After much reflection I have come away with a few random thoughts.
1. The jump from the marathon distance to the 50K distance is really not a big one. The jump from the 50k distance to a 50 miler, is huge. A totally different animal altogether. Don't get me wrong road marathon's are very hard and bring their own sense of pain, especially if you are racing them which I do not do. The 50K distance is very challenging and at times suffering is present however the suffering is often limited and at least for me usually lasts for a very brief time because before you know it your finished.
2. The suffering in this particular 50 miler was long and pronounced. It seemed to really start somewhere around mile 36 or so for me. Fourteen miles of suffering is a really really long time. I run these races simply to finish and am in no way running competitively or looking to place in my particular age group. The heat was a killer and in a way was a good thing. I now see the value of what this race was for my training heading into Oil Creek.
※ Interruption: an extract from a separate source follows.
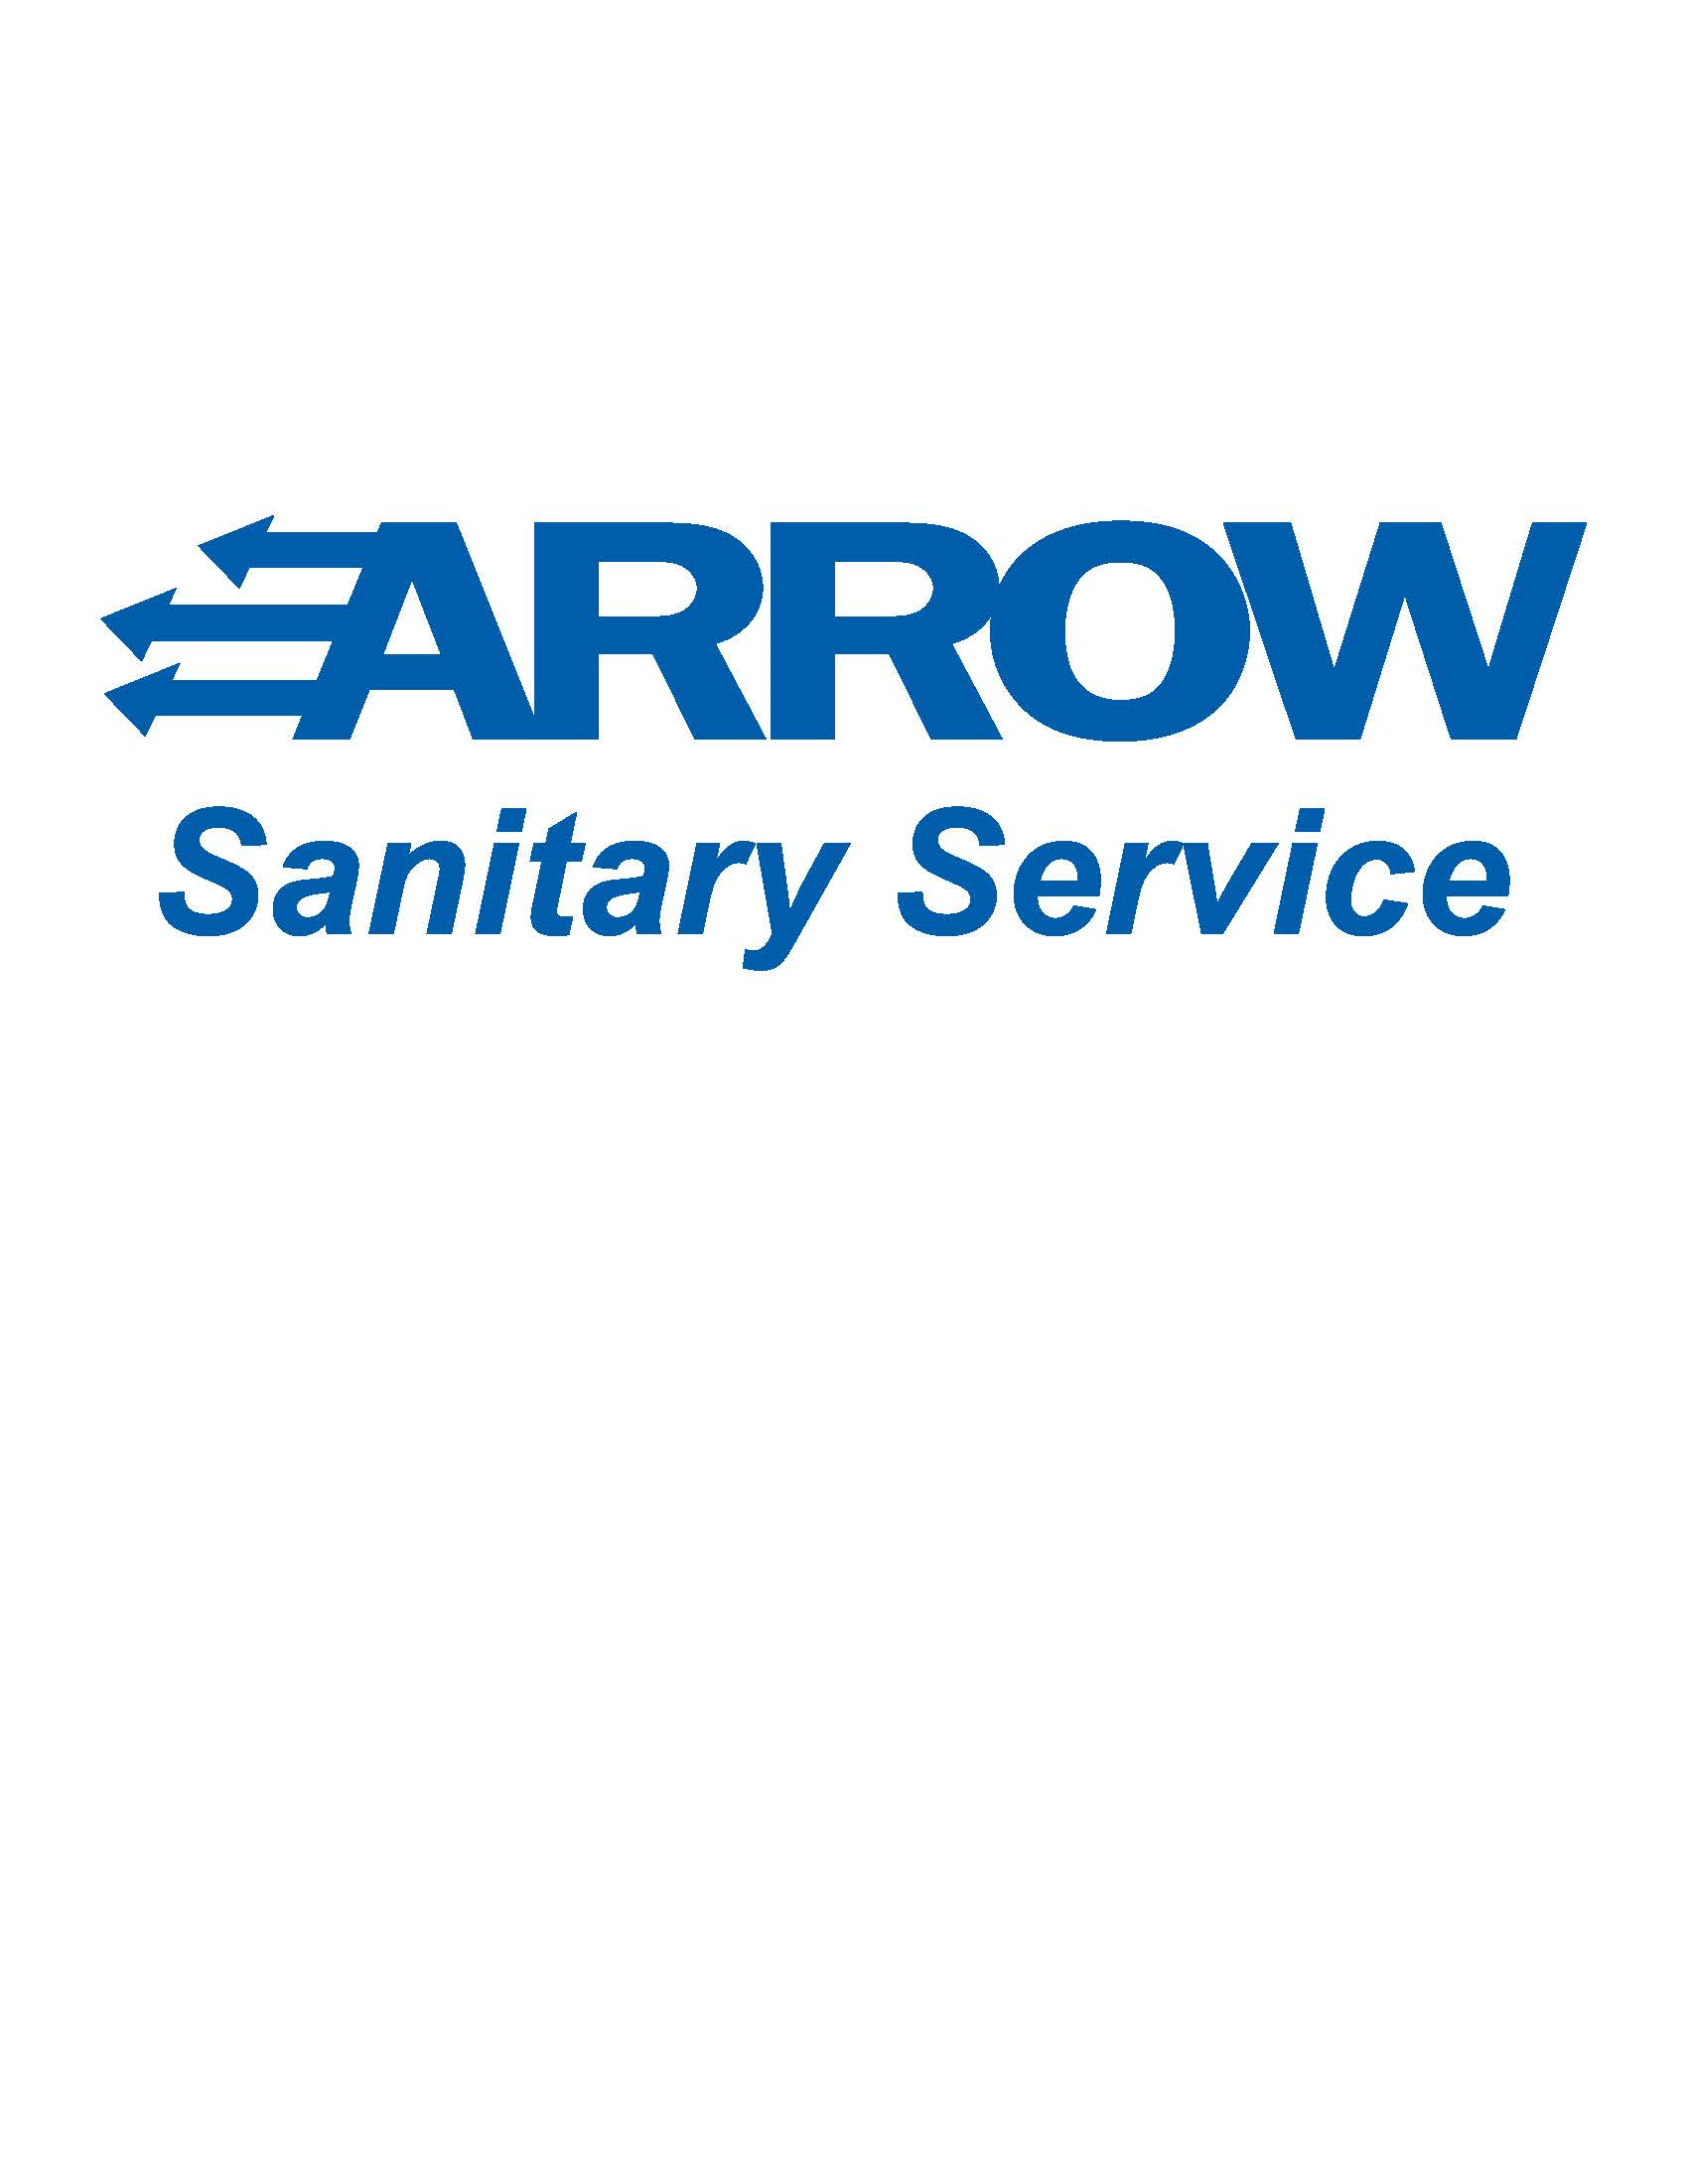 Arrow Sanitary Service Company Logo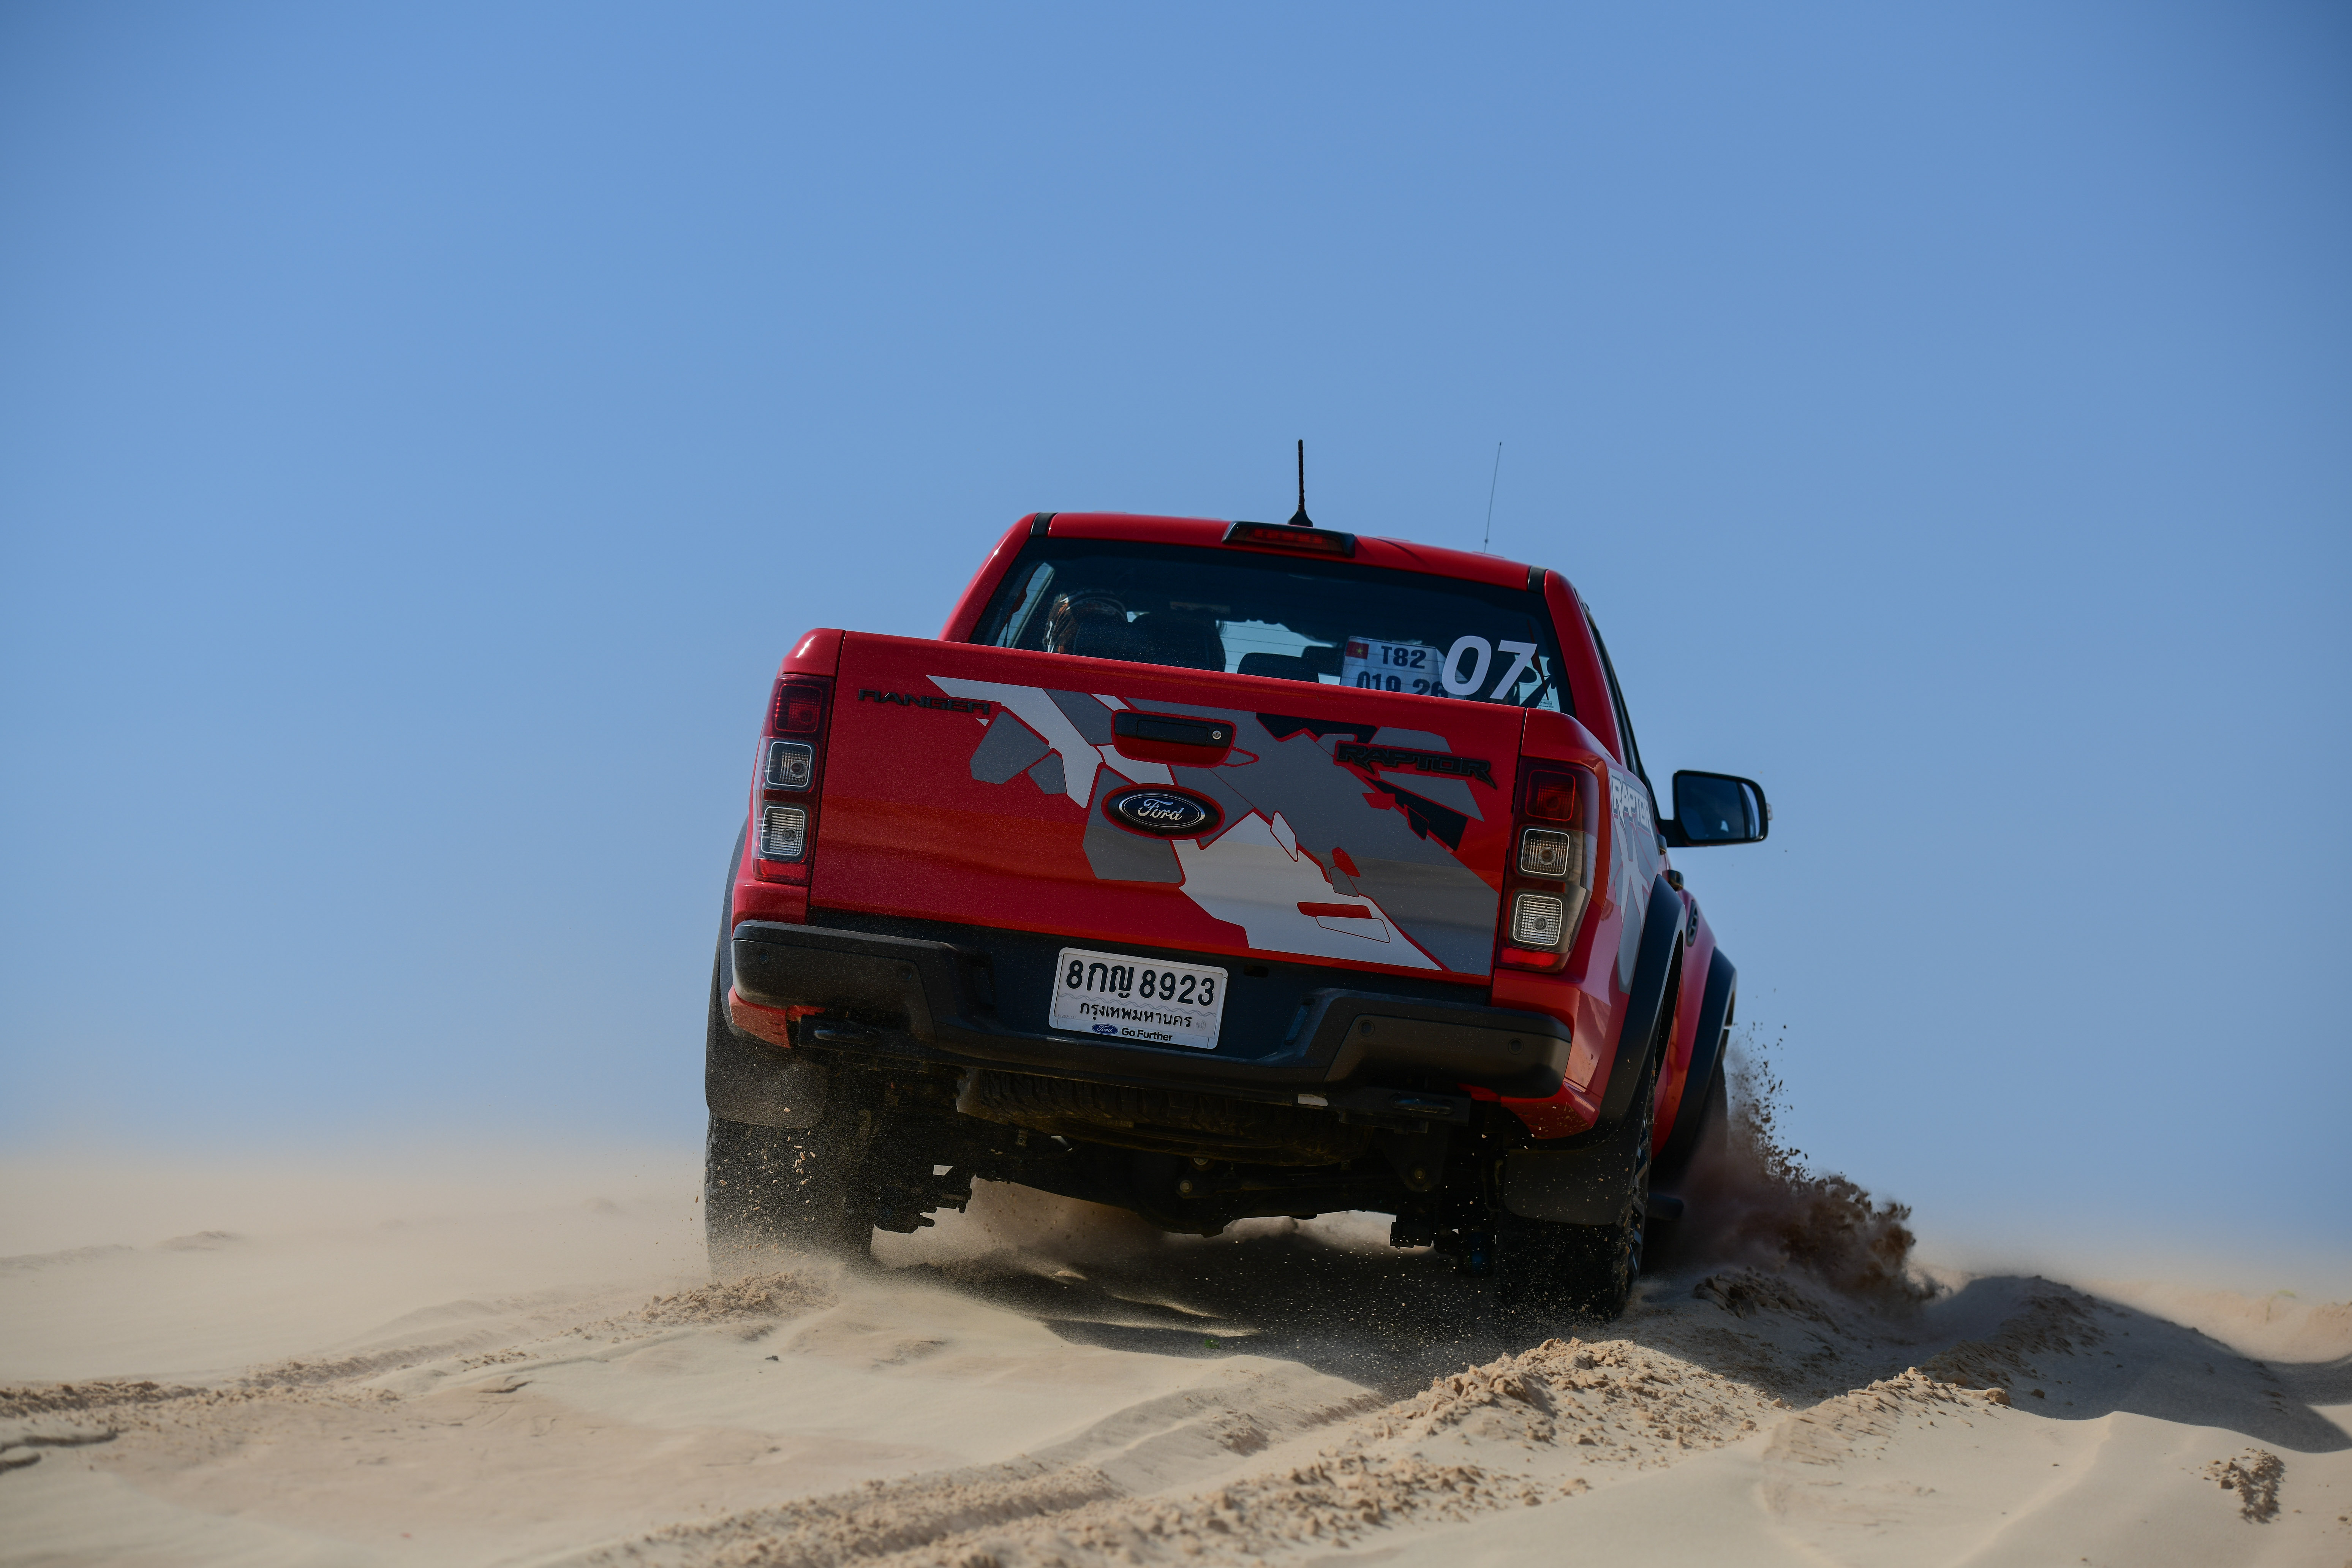 Chinh phục đồi cát Bàu Trắng cùng Ford Ranger Raptor ranger-raptor-drive-in-muine-4-3-2020-160.jpg

There were many lessons to be learned here. Foot care, chafing, heat related exhaustion, drop bags, looped courses. So many great things to mull over.
3. It was the perfect trap, very easy flat single track coupled with crippling heat and humidity. It lulled most runners into a dangerous game of glutinous excitability. Run it fast, beat the heat, finish quick. A few could do it and last, but most could not. In the end what I should have done was tamper my excitement and slow down in order to last the duration. But yet the course was just so damn runnable.
4. I can't wait to run another 50 miler. Now I know what they are and how to mentally approach the distance. For now I have a very busy summer loaded with marathons and 50k's prepping for Oil Creek 100. Yee Haw!